🤖 AI Summary
To address the low efficiency and poor reproducibility of manual risk-of-bias (RoB) assessment under the ROB2 framework, this study develops the first open-source, web-based interactive platform for assisted RoB2 evaluation. Methodologically, it integrates PDF intelligent parsing, ROB2-specific retrieval-augmented generation (RAG), large language model (LLM) reasoning, and a human-in-the-loop feedback mechanism for iterative refinement. A key contribution is the release of the first pediatric RoB2 annotation dataset—comprising 521 clinical trial reports with over 10,000 fine-grained annotations—enabling human-AI collaborative annotation and serving as a benchmark for LLM evaluation. The platform’s source code and full dataset are publicly released. Empirical evaluation across four mainstream LLMs demonstrates significant improvements in evidence localization accuracy and collaborative assessment efficiency, establishing a novel paradigm for automated systematic review workflows.
📝 Abstract
We present ROBOTO2, an open-source, web-based platform for large language model (LLM)-assisted risk of bias (ROB) assessment of clinical trials. ROBOTO2 streamlines the traditionally labor-intensive ROB v2 (ROB2) annotation process via an interactive interface that combines PDF parsing, retrieval-augmented LLM prompting, and human-in-the-loop review.
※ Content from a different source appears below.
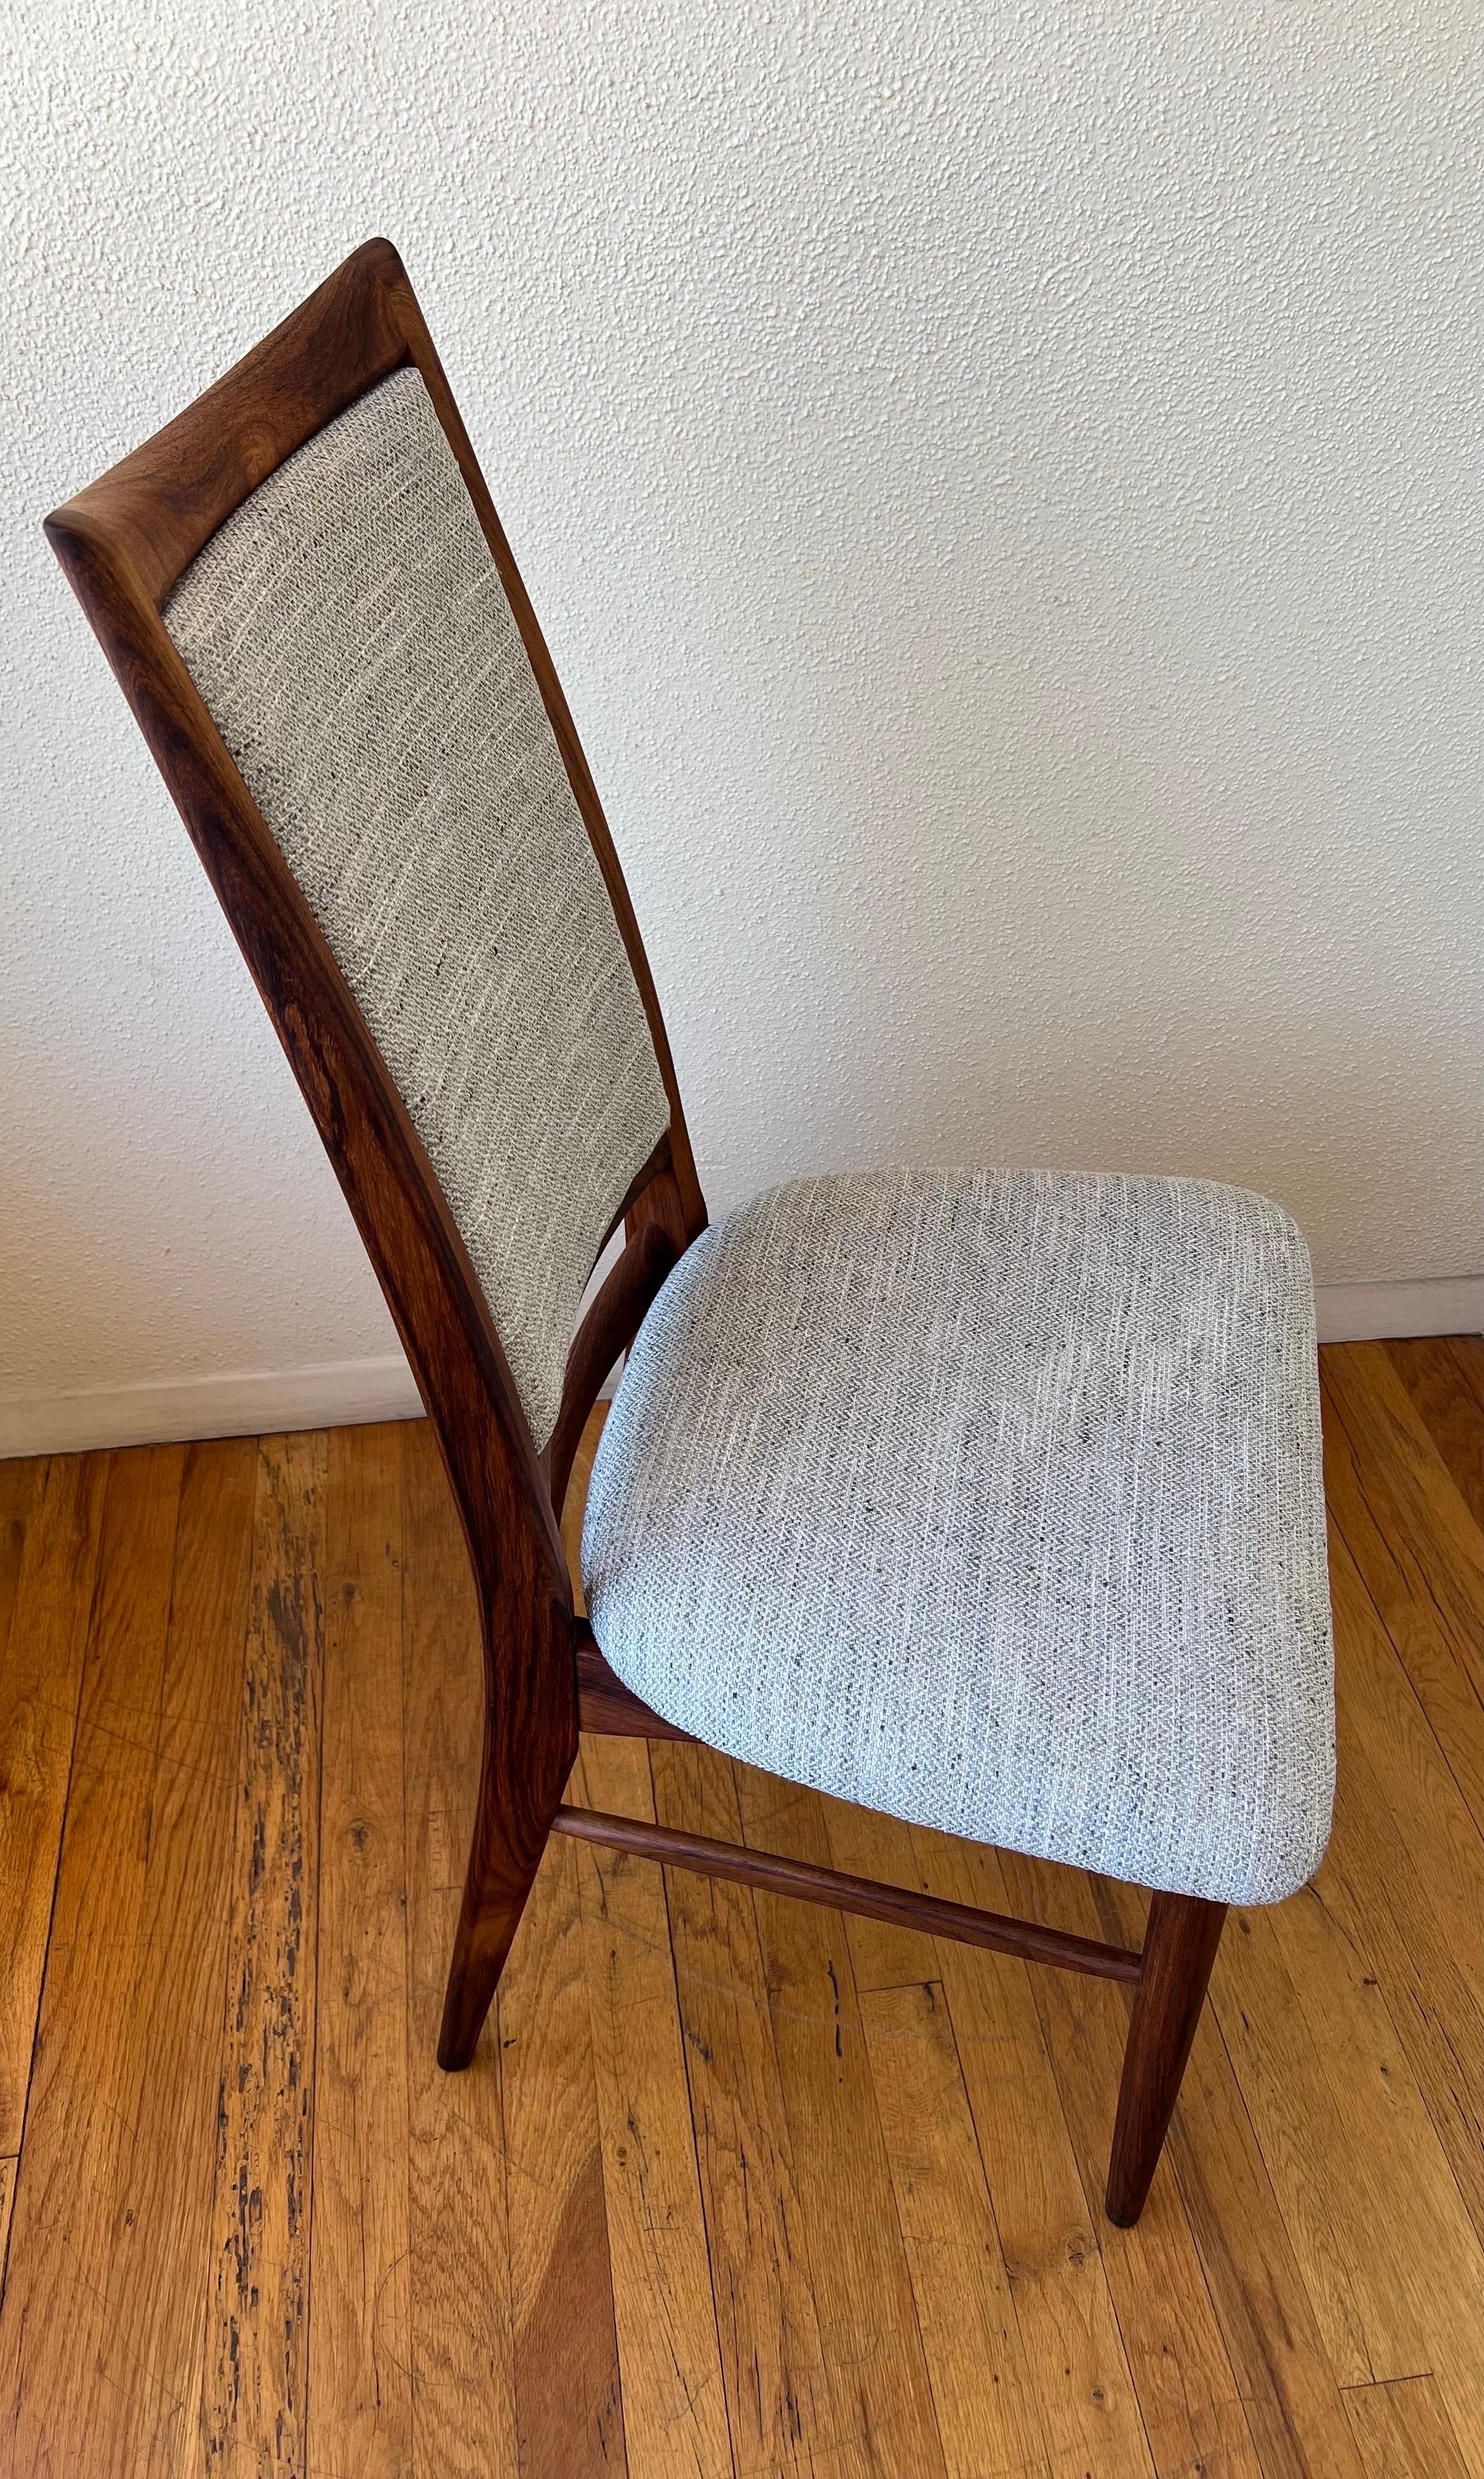 Single Rare Solid Rosewood Danish Modern Niels Koefoed Desk Chair In Excellent Condition For Sale In San Diego, CA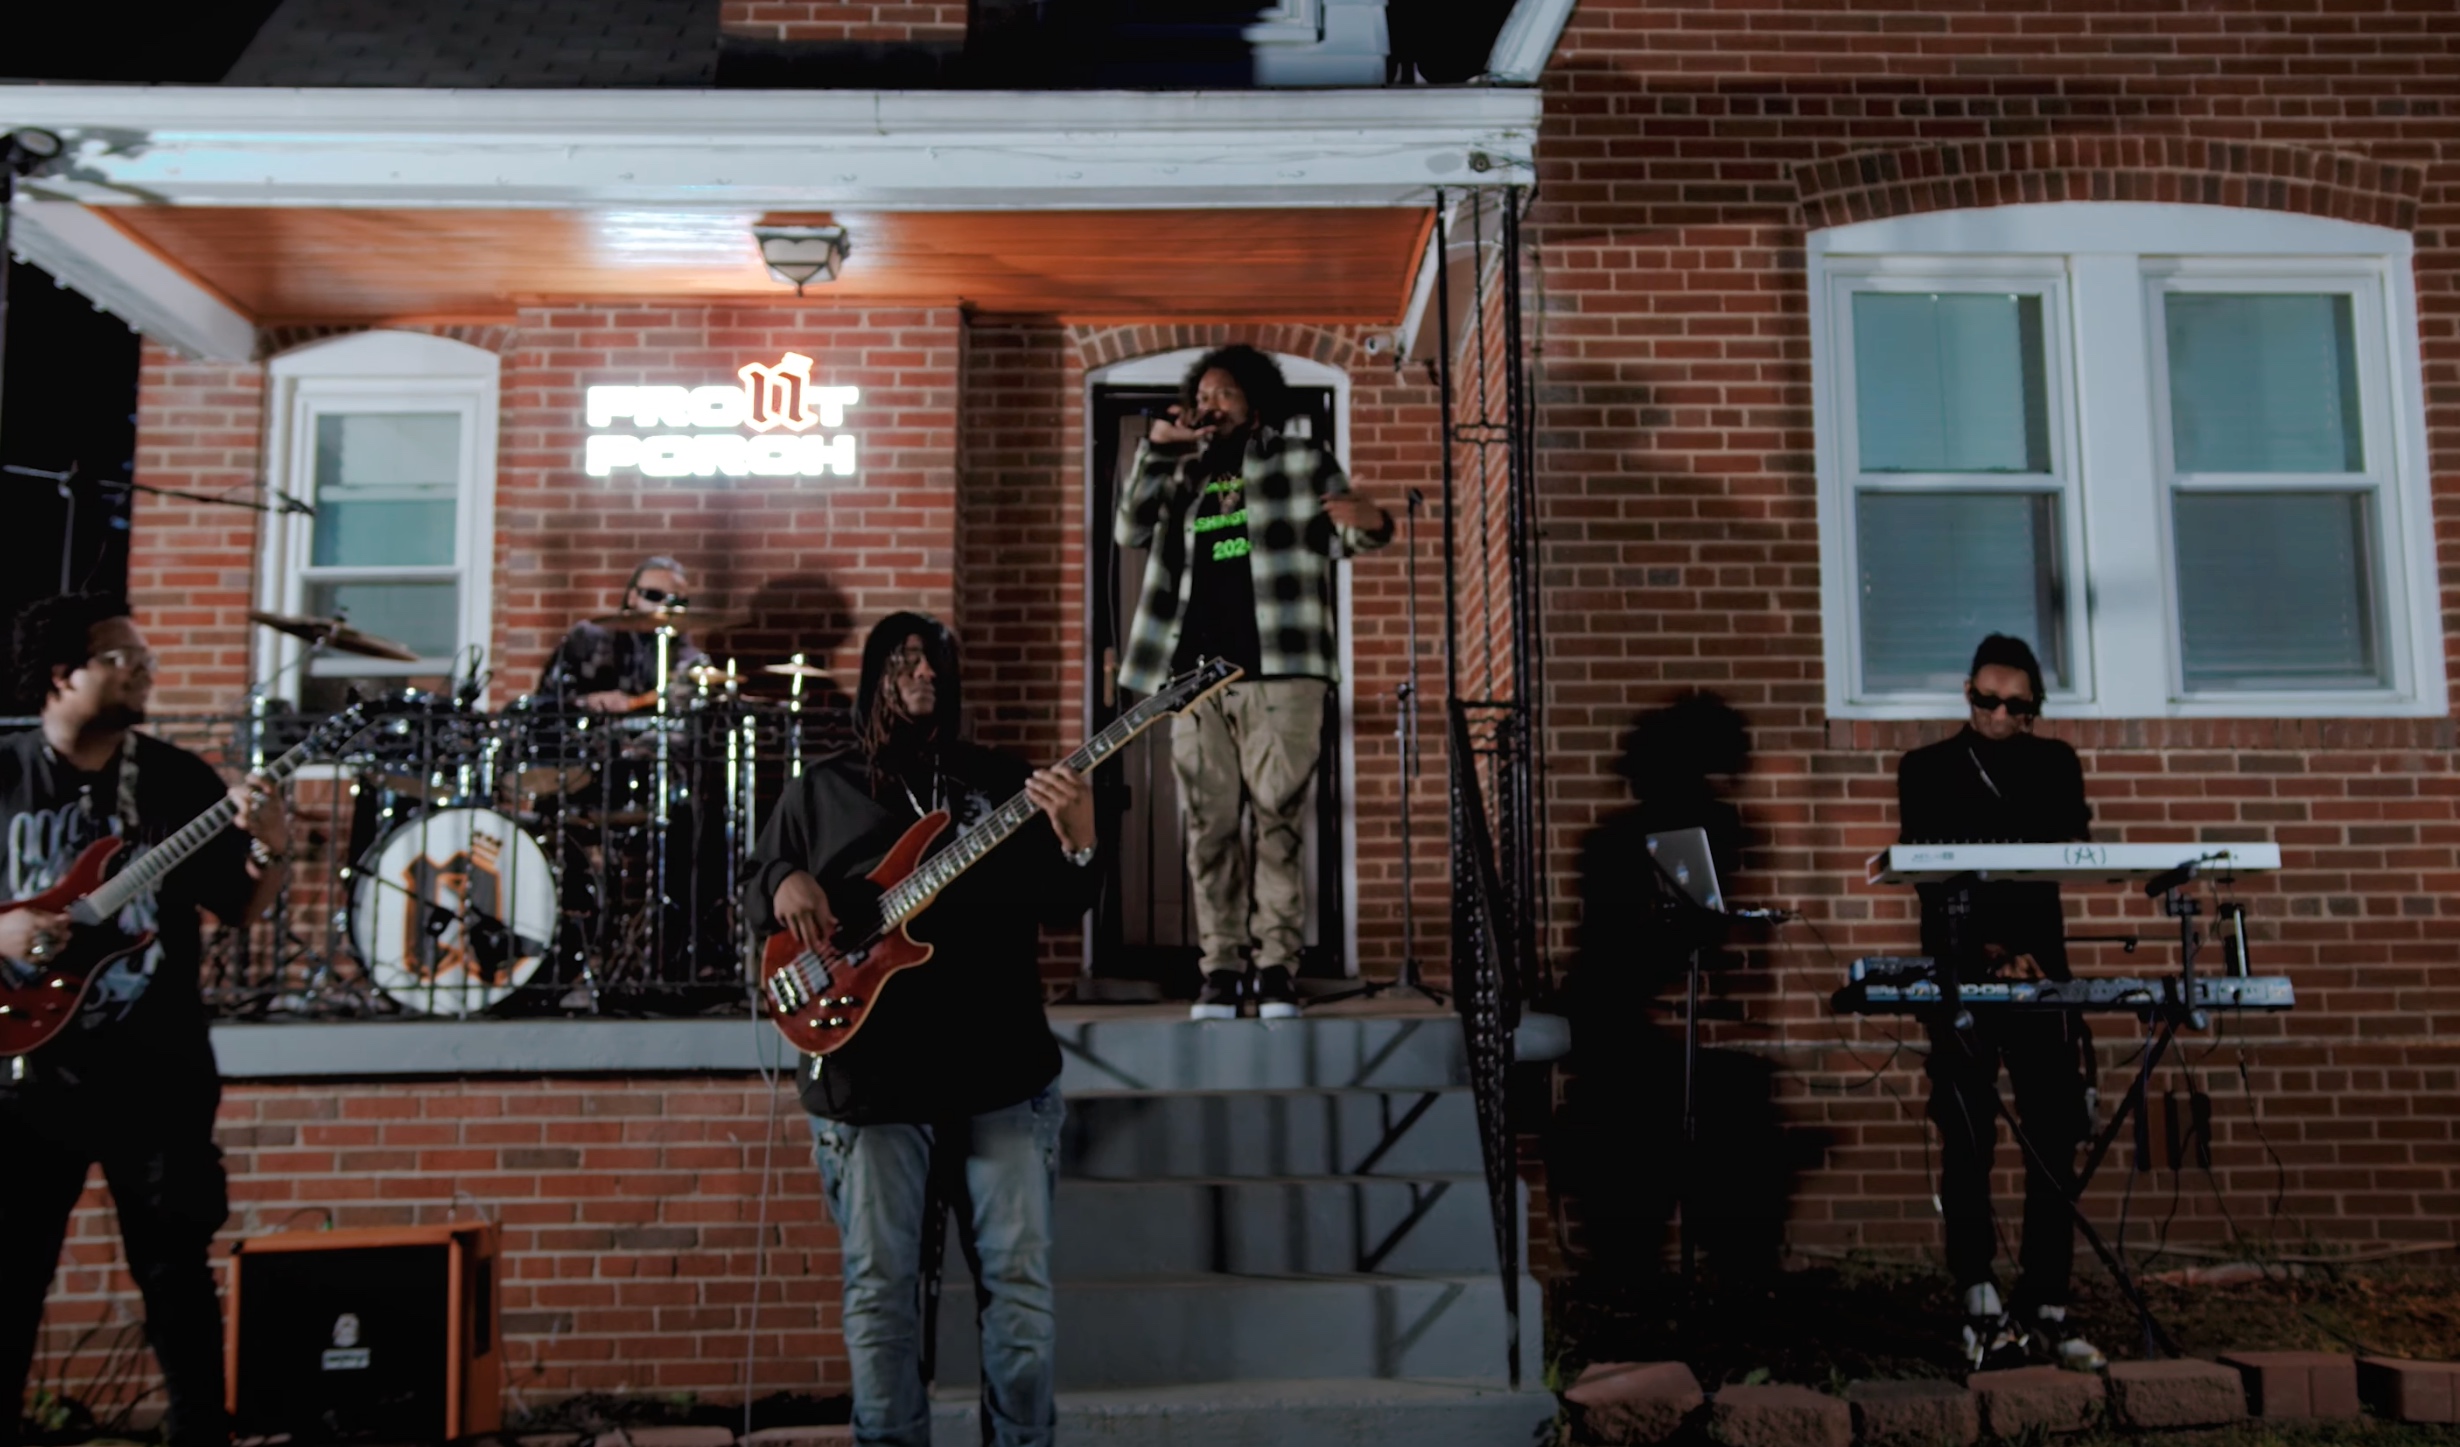 Noochie – “Silver Hill RD” (Front Porch Performance) (Video)

Users can upload clinical trial reports, receive preliminary answers and supporting evidence for ROB2 signaling questions, and provide real-time feedback or corrections to system suggestions. ROBOTO2 is publicly available at https://roboto2.vercel.app/, with code and data released to foster reproducibility and adoption. We construct and release a dataset of 521 pediatric clinical trial reports (8954 signaling questions with 1202 evidence passages), annotated using both manually and LLM-assisted methods, serving as a benchmark and enabling future research. Using this dataset, we benchmark ROB2 performance for 4 LLMs and provide an analysis into current model capabilities and ongoing challenges in automating this critical aspect of systematic review.